秋姝之清冷的眼中在看向他时很自然的流露出脉脉温情,像晶莹玉雪揉碎了洒进她的眼波中,长安干脆的低下头,不敢再看她。
这时,屋内忽然传来了窸窸窣窣的动静。
秋姝之微微一笑:“您进去吧,我在外等着。”
长安别过眼去,默默进了屋。
屋里窗户紧闭,不透一丝风,即使在大亮天里也觉得有些冷暗。
月冠仪长发垂垂落下,青丝随意滑落身侧,衣袍凌乱,眼底依然一片青黑,似乎还是没有休息好。
长安拿起衣架上挂着的官服就要给他披上。
“什么时辰了?她醒了吗?”他刚睡醒,声音低哑困倦但第一句话仍然离不开秋姝之。
“已经巳时......秋大人她已经醒了。”
月冠仪睡得困倦,隔了一会儿才反应过来:“巳时!”
他赤脚下床,猛地支开窗户,满目阳光瞬间全部透撒进来,满室光华不见昏暗。
刺目的阳光冲撞进了月冠仪的骤然紧缩的瞳孔,琥珀色的瞳仁闪烁着惊慌。
“都这个时辰了、”他陷入混乱的喃喃自语中,怎么会这样,他本是在长安的劝说一下闭目休息了一会儿,这么片刻功夫天就亮了。
秋娘呢?她醒了吗?她若是醒来,得知自己睡到这时辰会不会认为他端着皇子的架子傲慢无礼?明明今天应该一起讨论政事,他却故意贪睡,让她干等着。
他扯过长安手中的官服,沉重的官服罩在他身上,衣襟还未系上,胸膛上绣着的凶兽此刻也皱巴巴的也没了滔天的气焰。
“秋大人醒了吗?”他一边颤抖着系上衣襟,一边忐忑的问道。
他疯狂的安慰自己,秋娘昨日醉酒,今日应该不会起的怎么早,他还来得及,他要赶快收拾好自己的容貌,端着最好的仪态恭敬的等候在她门外,让她一开门就能看到自己。
“殿下......秋大人早就起了、正在门外候着、”长安小心翼翼的说道。
“什么?”他手一紧,差点把系带扯断。
秋娘就在门外?
“你怎么不早说,长着嘴巴是干什么用的!”月冠仪怒叱着,来不及穿戴好衣服就准备出门。
“殿下,您先把衣裳穿戴好,再去见秋大人也不迟啊。”长安拉着月冠仪的袖子苦苦劝道。
月冠仪紧握着拳头,深深地呼吸着,努力让自己平静下来,目光却一直望着门外。
“她等了多久了?”他嘴唇微微颤抖着,几乎哆嗦着问出这句话,震动的眸子看着门扉外那被光折射的朦胧纤细的身影。
“约莫半个时辰了吧。”长安跪在地上给他穿衣。
月冠仪再也忍不住一把推开他,长安一个不稳踉跄的向后倒去,打翻了黄铜脸盆,里面的水哐啷一声洒了一地。
“殿下,殿下、”长安艰难的从地上爬起来喊他。
殿下您衣服都没穿好,头发还散着,您可是男子,纵使身份再高贵也不能这样子出去,这成何体统。

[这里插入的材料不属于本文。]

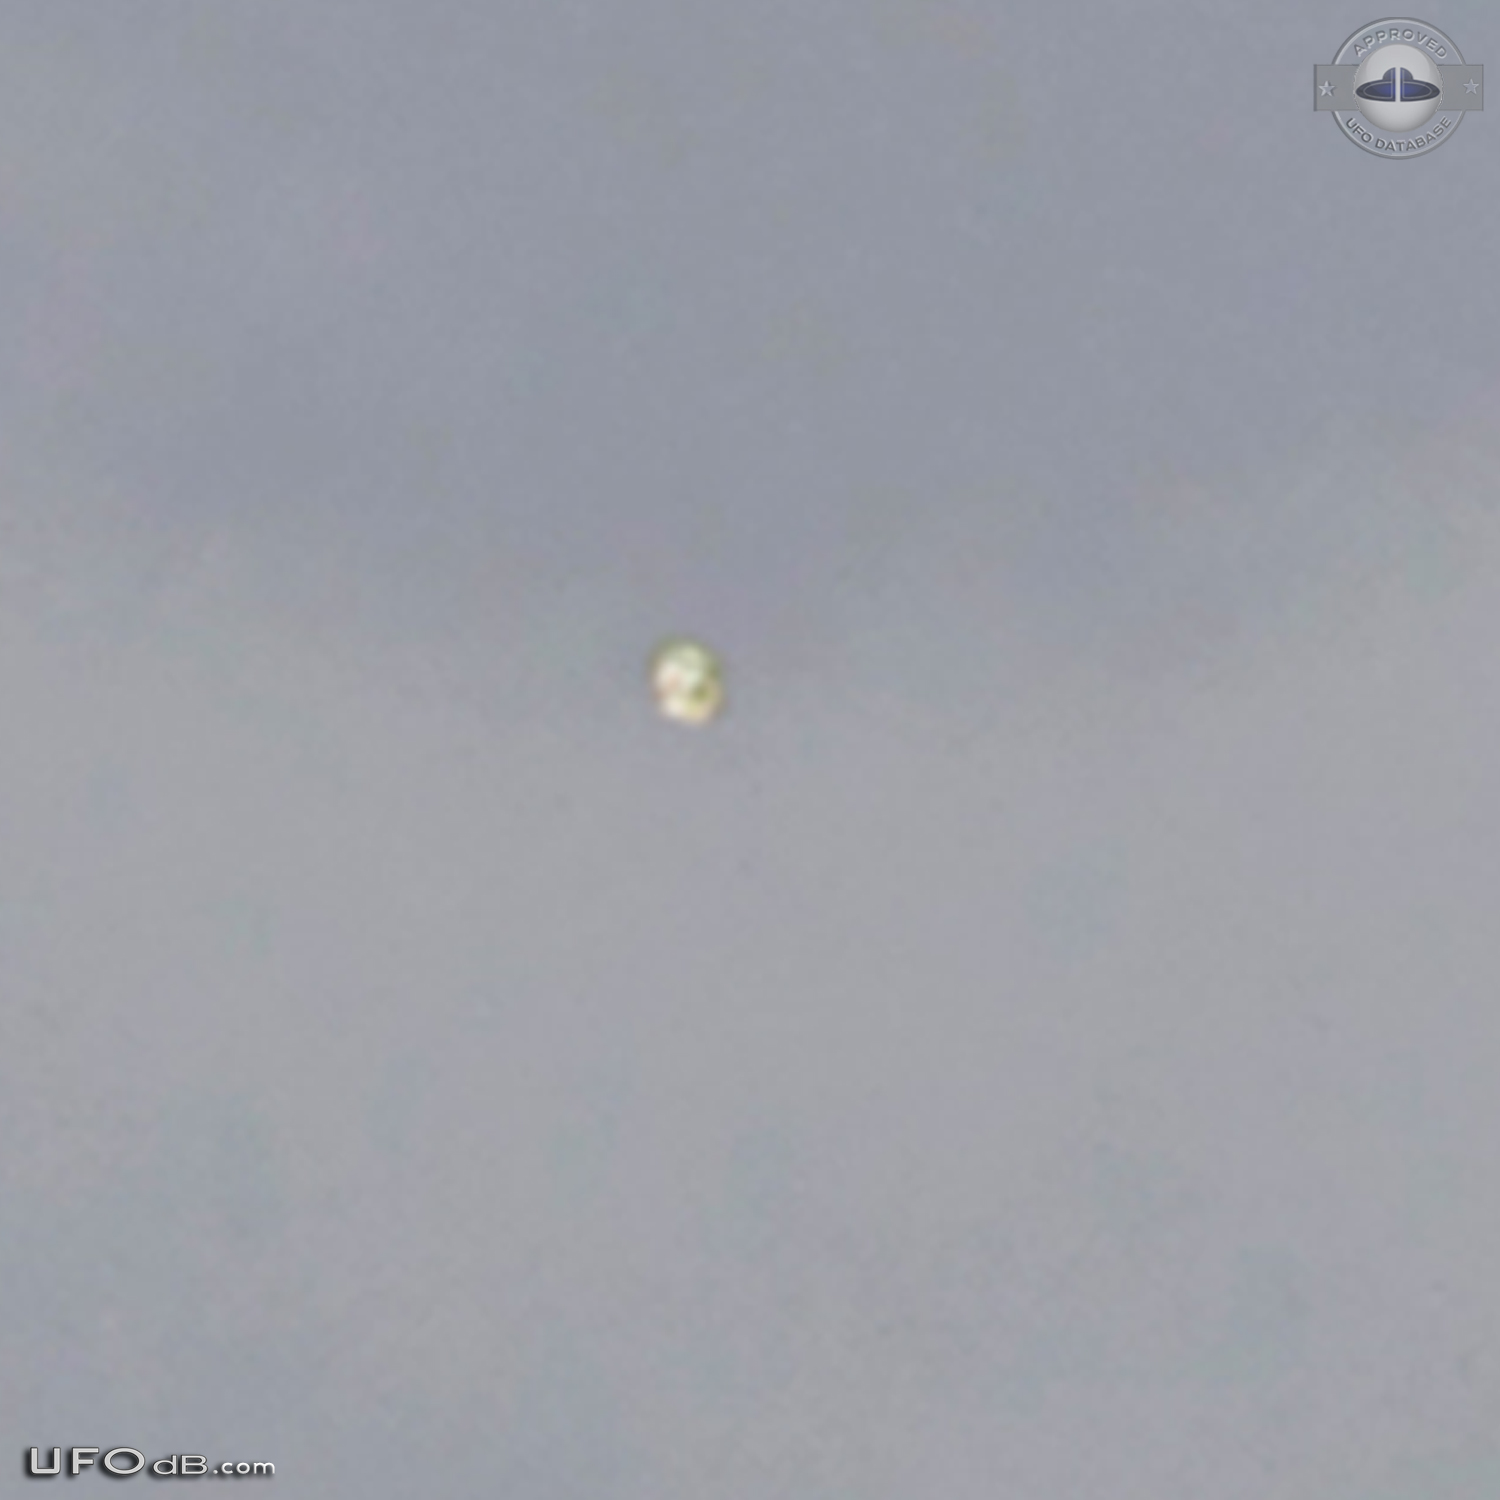 Two UFOs near Tango 01 the airplane of the Argentina president in 2012 UFO Picture #574-4

长安心中苦苦哀嚎,他心头焦急万分,就算对方是秋娘子,您也清醒一点啊!
门嚯地一声被人打开,秋姝之一听里面突然乱起来的动静,就知道来开门的人一定是他,但见到月冠仪时,她眼中来时露出微微的惊异。
他身上的官服半披半穿,垮垮的搭在身上,青丝凌乱不堪,衣襟也未整理好,庄严肃穆的官服愣是露出了几分勾栏模样。
因为紧张和惊慌而微微喘息着,玄色禁欲的官服半遮半掩,洁白的中衣露出一大片胸膛雪色的肌肤,随着他急喘的呼吸微微起伏。
“殿下您、”秋姝之侧过脸去。
“让您久等了,我不知道自己睡过头了,您别生我的气。”单薄的唇瓣止不住的颤抖,瘦削的身材在清晨微凉的风中瑟瑟。
“下官怎么会生您的气。”秋姝之低头微微一笑,觉得这人真是奇怪,在她面前总是因为一点小事就紧张地不行。
视线无意中落在他的松散的衣袍底,他光着脚就跑了出来,在布满尘埃的地上突兀的很。
秋姝之初见月冠仪时,只觉得他是雪山中的神祇,黑衣白底再普通不过的衣着搭配穿在他身上却有一种说不出来的韵致美感,容貌美到了极致也冰冷到了极致,周身气质也莫名的拒人于千里之外,就像千里冰封的世界里又覆盖上皑皑厚雪。
她却未曾想过,这样雪山般的美人有一天竟然会因为她而方寸大乱,冰山上的雪化成了一滩软水。
“殿下,地上凉,您先回去梳洗,下官在院子里等您。”她说。
长安也追了上来。
“好。”他低头喃喃道。
长安送了一口气,秋姝之的话永远都比他的话管用。
大门再次合上,秋姝之静静的坐在院子里等候,等他再出来时,他又成了众人熟悉的长皇子。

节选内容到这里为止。